Other crowd favorites were Pixar, Panelite, and SnowWorld, a virtual environment for burn victims. Most isolated Jason Miller’s curbside recreations for their brilliance (like the play-doh trash can here, to which we say…we don’t get it). And let’s not forget the iPod, almost everyone said. No one did.

Core77 gives the party report (with an image of the cooler-than-cool coat that won curator Barbara Bloemink UnBeige Award for Best Outfit Ever at the National Design Awards).

Wired’s Michael Myser has photos of what he liked paired with mainly quotes from the catalog and some observations. Tech-heavy, as expected.
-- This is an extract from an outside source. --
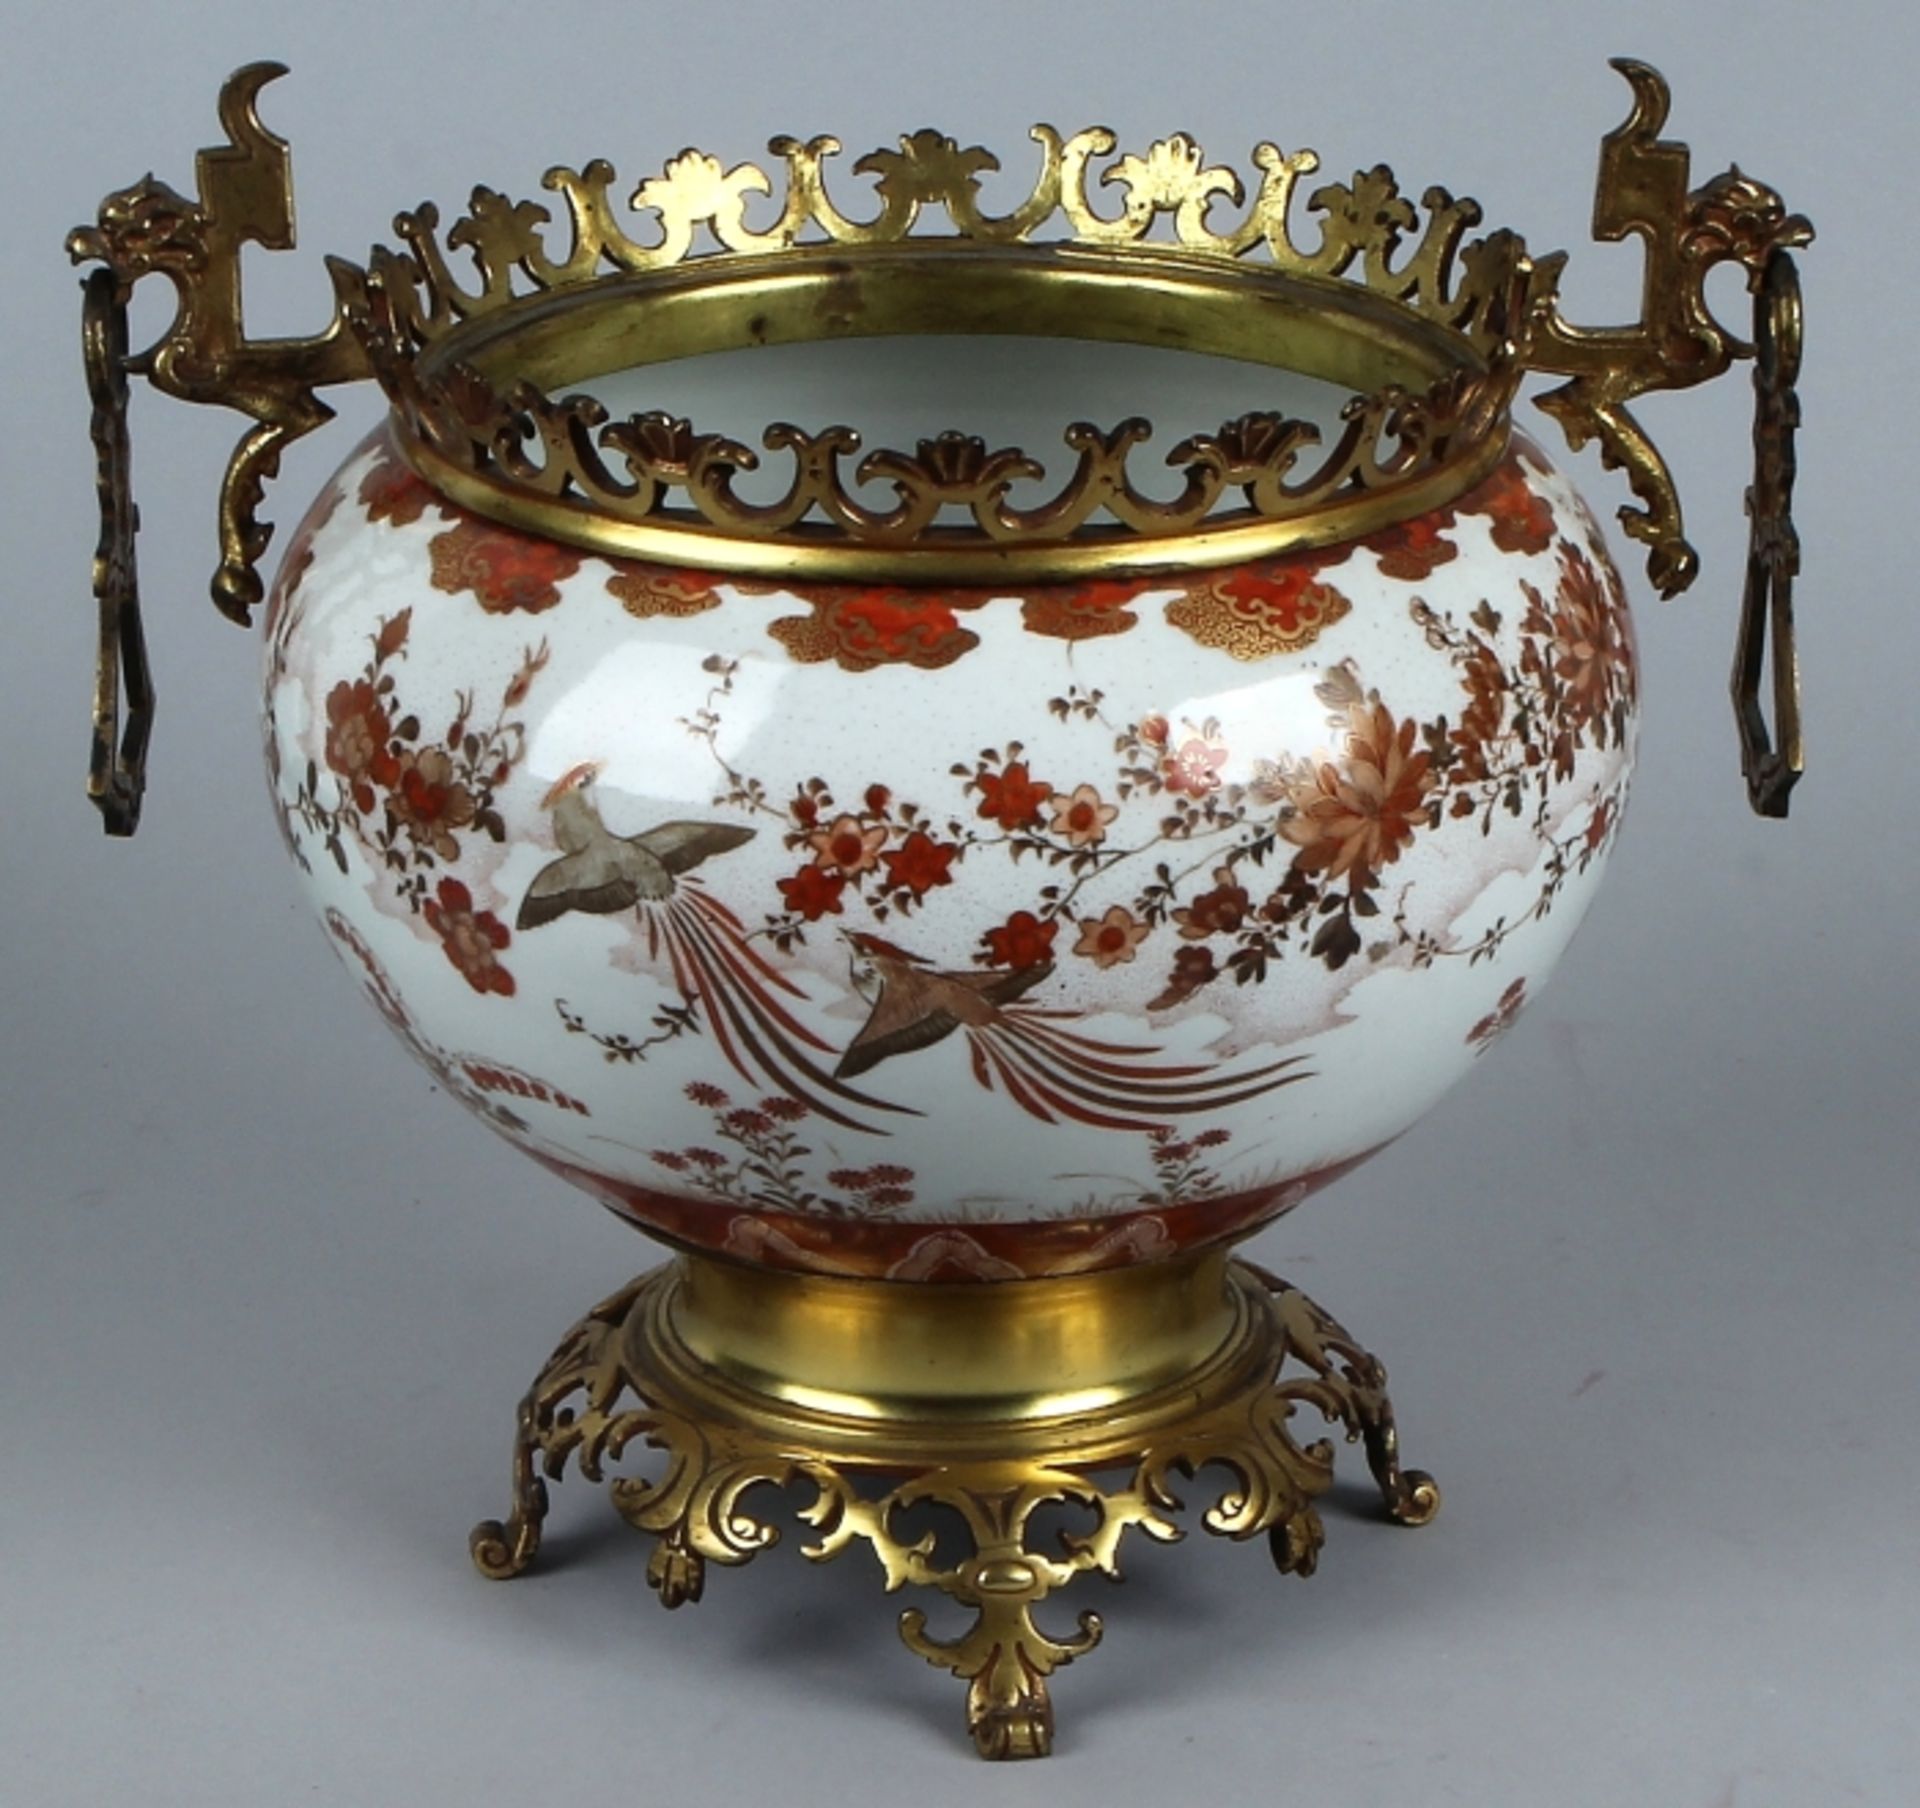 Satsuma porcelain cachepot with bronze mounts and scenery of flora and gold, in good original
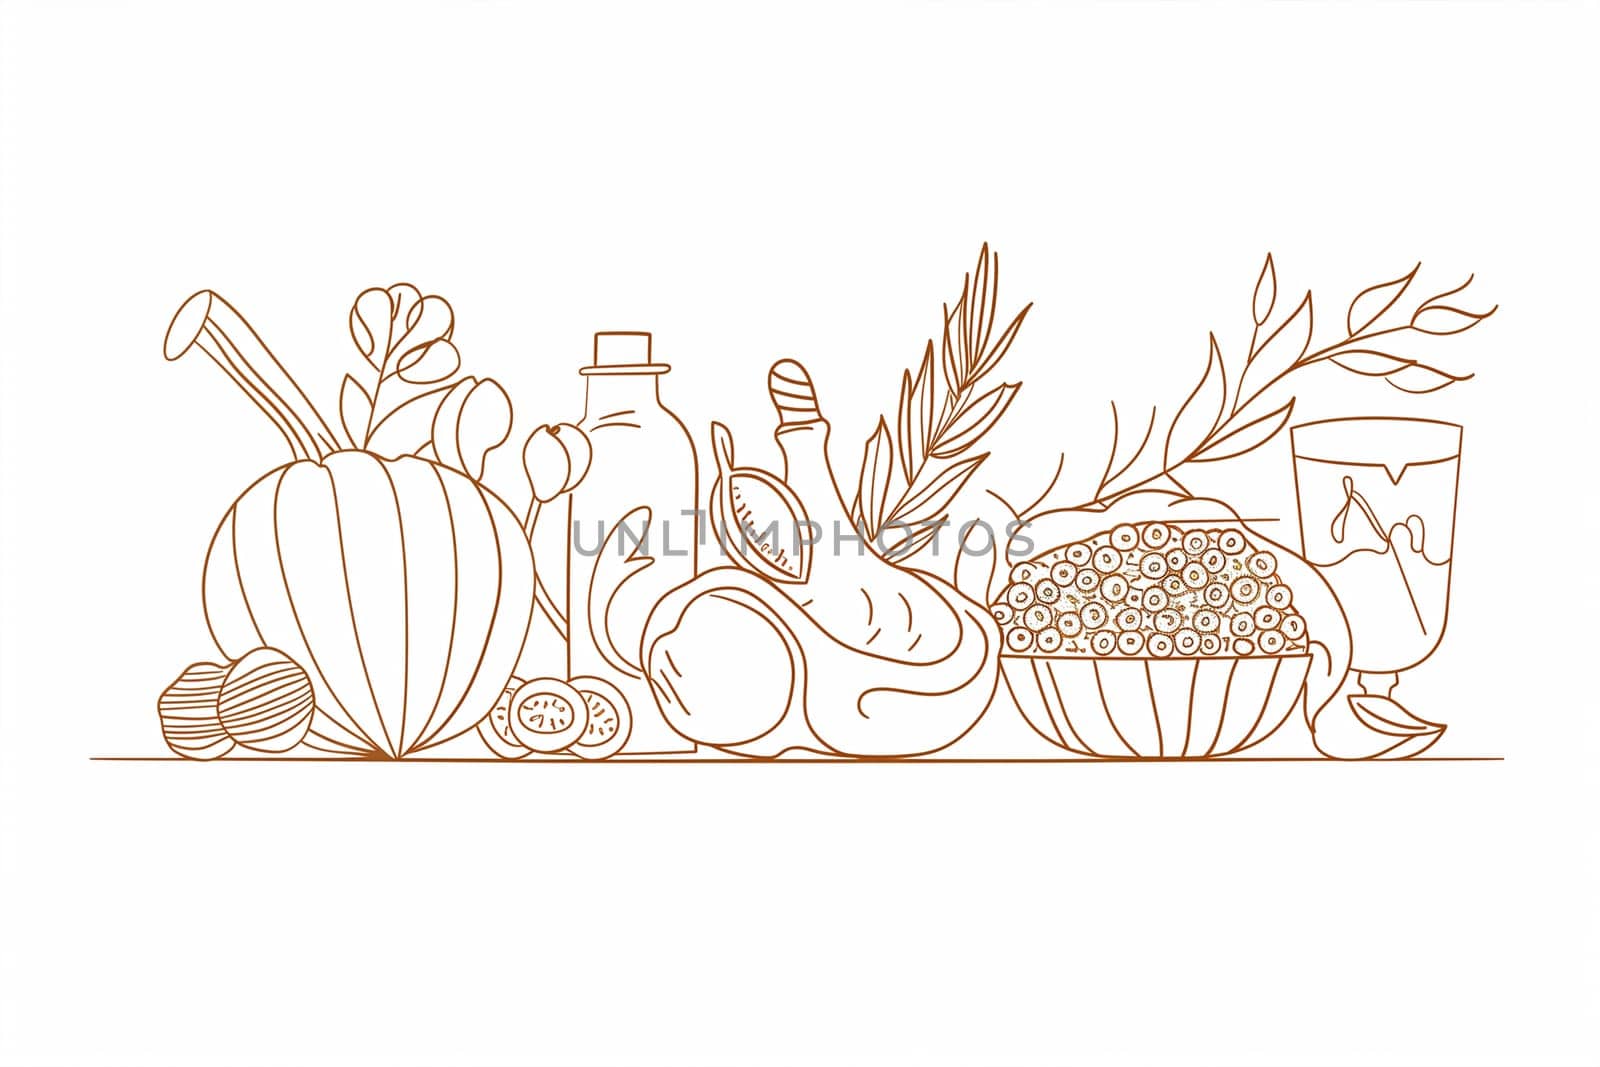 Assorted Food Line Drawing by Sd28DimoN_1976

The Philly Inquirer seems to be too dazzled by “cool design, man” to understand what’s important or interesting about the show. But we give them points for trying.

And today, the NY Times’ Roberta Smith sifts through the “design pollution” with several dead-on observations, and one that surprised us:

Among the freshest things in “Design Life Now” are the two new fonts, Clash Sans and Clash, designed by COMA for use in the exhibition’s catalog and labels. Both fonts simply combine the two existing, classically opposed fonts Times Roman and sans-serif Helvetica–using one for consonants and the other for vowels. Despite the comfortingly familiar elements, the fonts look as a whole like nothing you’ve quite seen before.

In a world of robot lobsters, type rules. We love that.